The policy shifts I advise are major, and they’re going to take work. Every major policy shift in history looked futile in the beginning. That’s just the way of it. We need to fight for political change, and we need to keep fighting until we prevail. And until then, there are lots of little battles we can win along the way.
There is strength in numbers, and if the public outcry grows, governments and corporations will be forced to respond. We are trying to prevent an authoritarian government like the one portrayed in Orwell’s Nineteen Eighty-Four, and a corporate-ruled state like the ones portrayed in countless dystopian cyberpunk science fiction novels. We are nowhere near either of those endpoints, but the train is moving in both those directions, and we need to apply the brakes.
16
Social Norms and the Big Data Trade-off
In the preceding three chapters, I outlined a lot of changes that need to happen: changes in government, corporate, and individual behavior. Some of them are technical, but most of them require new laws or at least new policies. At this point many of them are unrealistic, at least in the US. I’m not yet living in a country where the majority of people want these changes, let alone a country where the will of the people easily translates into legislative action.
Most people don’t seem to care whether their intimate details are collected and used by corporations; they think that surveillance by the governments they trust is a necessary prerequisite to keeping them safe. Most people are still overly scared of terrorism. They don’t understand the extent of the surveillance capabilities available to both governments and private parties. They underestimate the amount of surveillance that’s going on and don’t realize that mass government surveillance doesn’t do much to keep us safe. Most people are happy to exchange sensitive personal information for free e-mail, web search, or a platform on which to chat with their friends.
Europe is somewhat different—it regulates corporate surveillance more heavily and government surveillance much less so—but for most purposes the public sentiments are the same.

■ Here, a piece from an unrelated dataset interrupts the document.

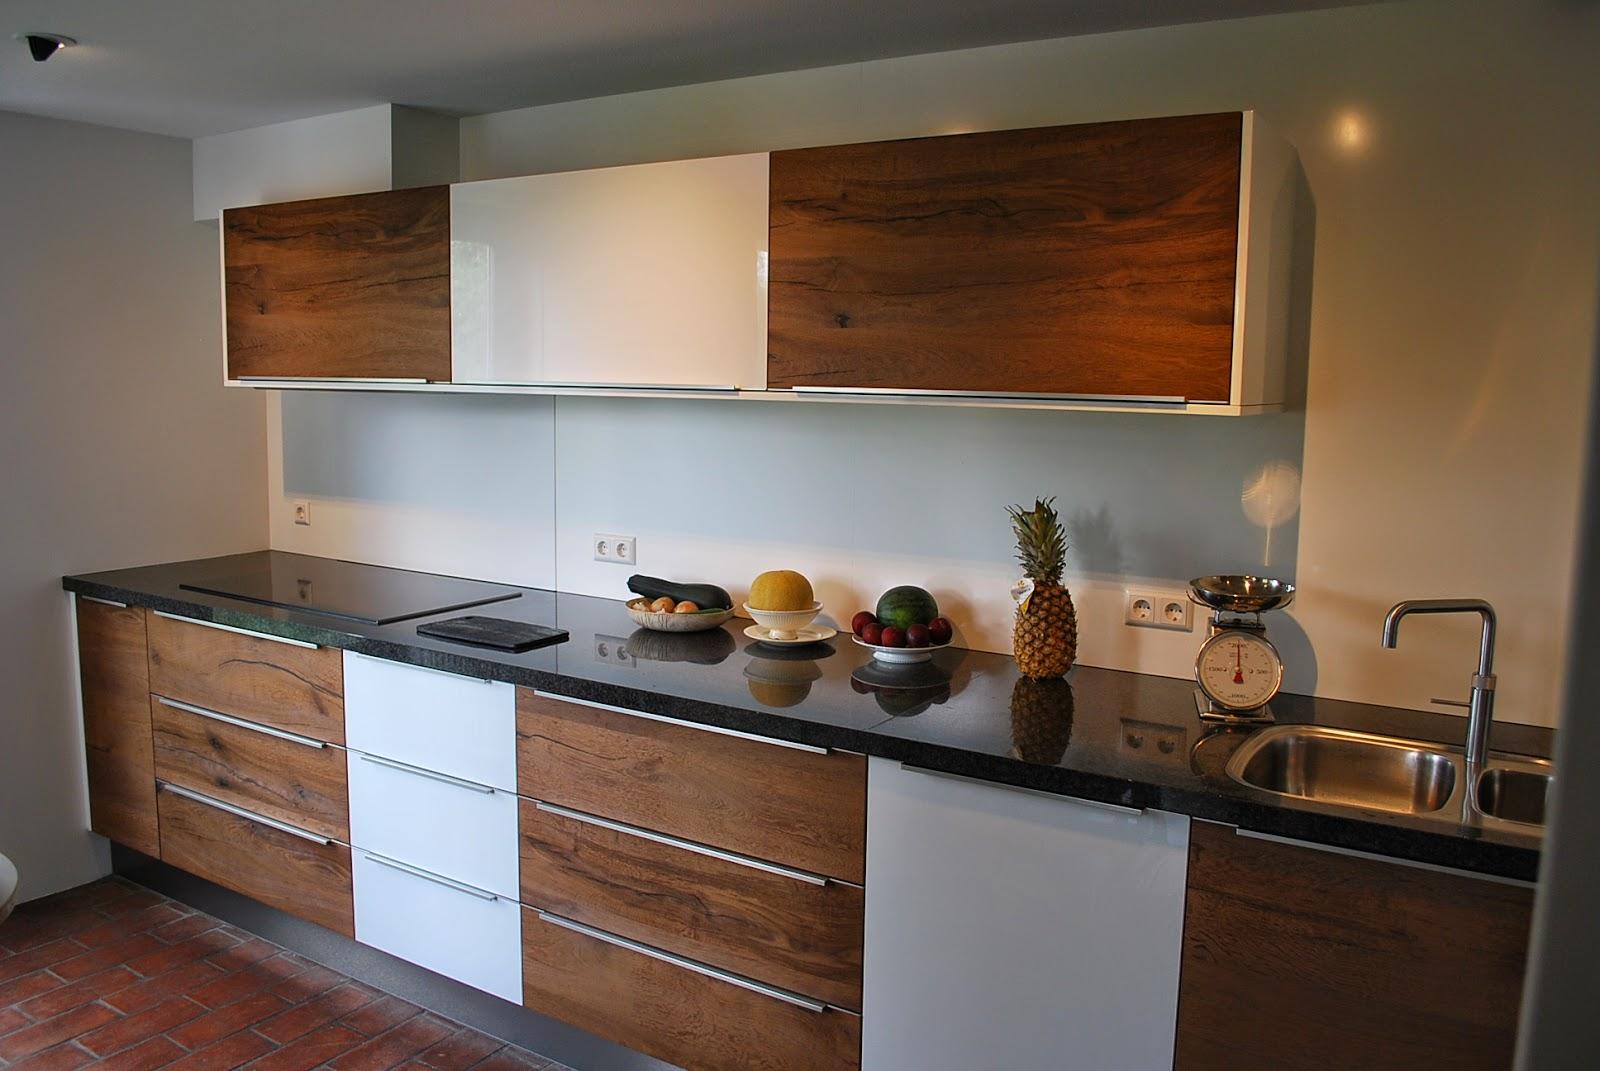 Keuken Hoogglans Wit Achterwand – Atumre com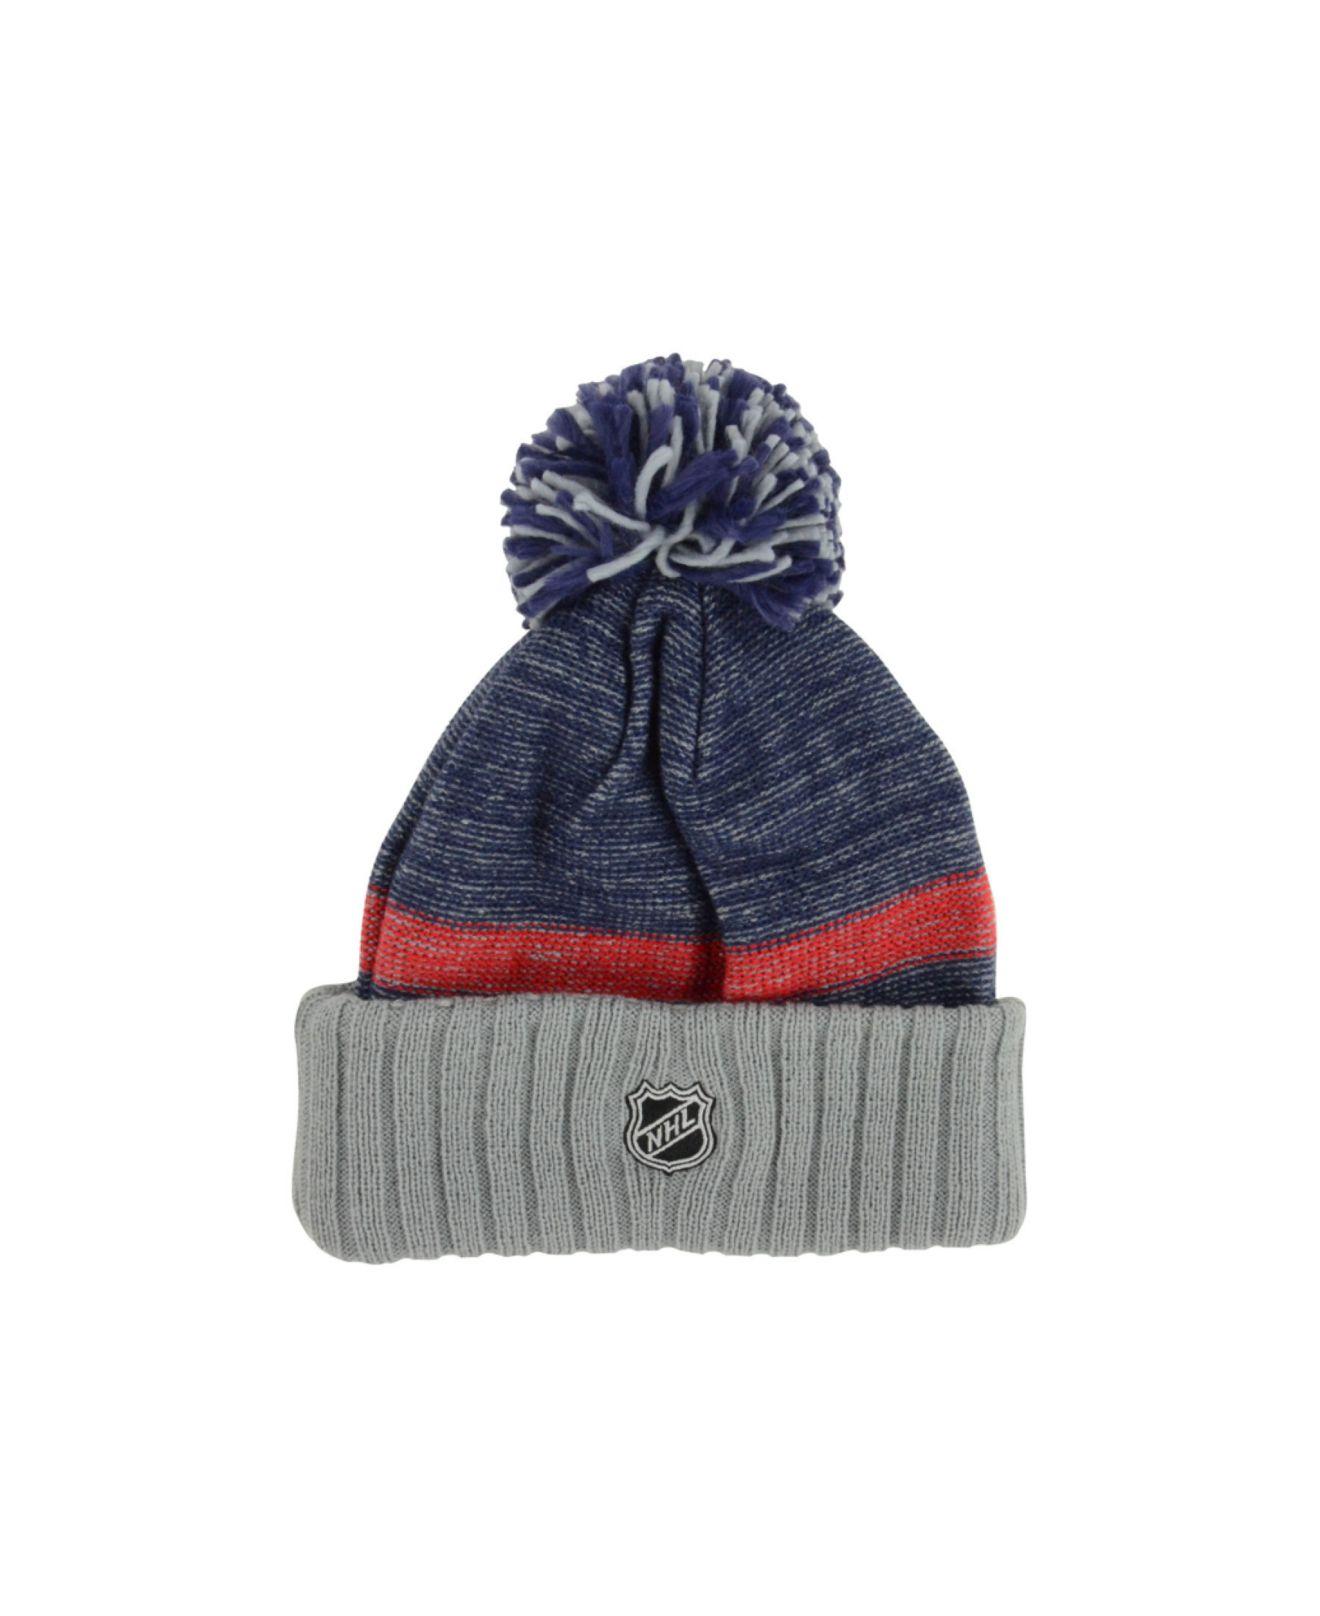 542aee17bef Lyst - Reebok Columbus Blue Jackets Pom Knit Hat in Blue for Men

Before we get meaningful political change, some of our social norms are going to have to change. We need to get to the point where people comprehend the vast extent of surveillance and the enormous concentration of power that flows from it. Once they do, most people will probably say, “That’s just not okay.” We need to summon the political will to fight both the law enforcement and national intelligence communities on the government side, and the government contractors and surveillance industry on the corporate side. And before any of that can happen, there must be some major changes in the way society views and values privacy, security, liberty, trust, and a handful of other abstract concepts that are defining this debate.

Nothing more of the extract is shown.